Davis for some reason never recorded In the steppes of Central Asia as part of his otherwise complete survey of Borodin’s orchestral music, and a 1969 performance by Bernstein is therefore interpolated. Sadly, the recorded balance here is, if anything, even worse. The idea behind the music is straightforward enough; the travelling caravan should advance towards the listener and then retreat into the distance. Here the woodwind and high violins at the beginning are already right in the listener’s face, and then as the music grows louder the orchestra paradoxically enough recedes into the middle distance – only for the process to be reversed at the end. There is therefore no light and shade, no sense of progress. To add insult to injury, the melody in the winds at the climax is all but drowned out by the overly forward balance given to the strings and brass. This is most certainly not one of Bernstein’s great recordings, although he paces the music well.

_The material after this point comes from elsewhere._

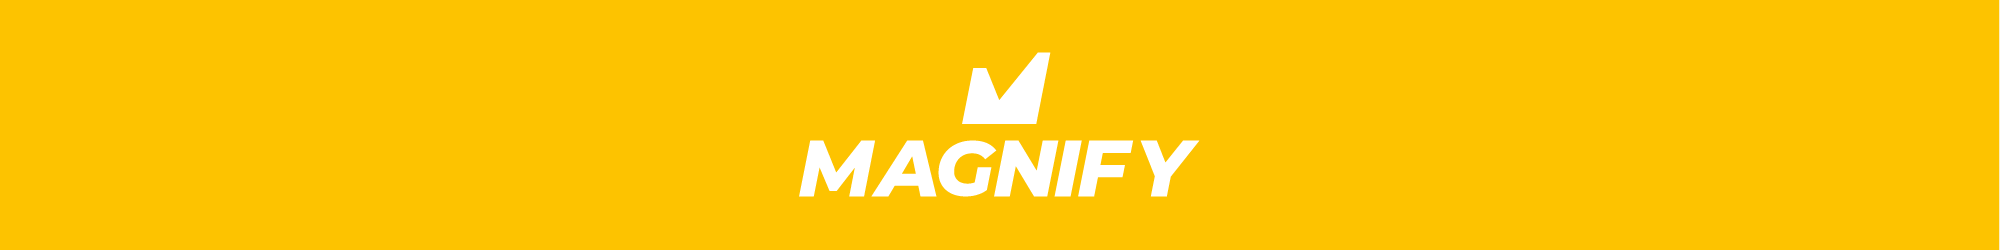 Magnify-Header

The most interesting item in this collection is one of the shortest tracks - and the only digital recording - an orchestration of the Nocturne third movement of the Second String Quartet. There is no indication of who was responsible for the orchestral arrangement. David Gutman - who contributes a new and commendably informative set of notes - seems unsure. He refers to the arrangements by Sargent for strings and Rimsky-Korsakov for violin solo and small orchestra - it is clearly neither of these - and also to an arrangement by Nicholas Tcherepnin which this appears to be. Järvi includes this arrangement in his Borodin collection; and it is very effective. It clearly expects a large romantic orchestra with plenty of romantic violin ‘wash’, and this is not what it receives here from the St Petersburg Camerata, who appear to have no more than two desks of strings in any section. One other minor point: the muted horn solo towards the end is played with what sounds like hand-stopping, and the resulting brassy rasp sticks out unpleasantly like a sore thumb. The performance otherwise is very good and nicely inflected, although no conductor is credited at all.
This one track of interest is not sufficient to commend this reissue. There any many other recordings of these works, and many better ones at that.
Paul Corfield Godfrey
There any many other recordings of these works, and many better ones at that.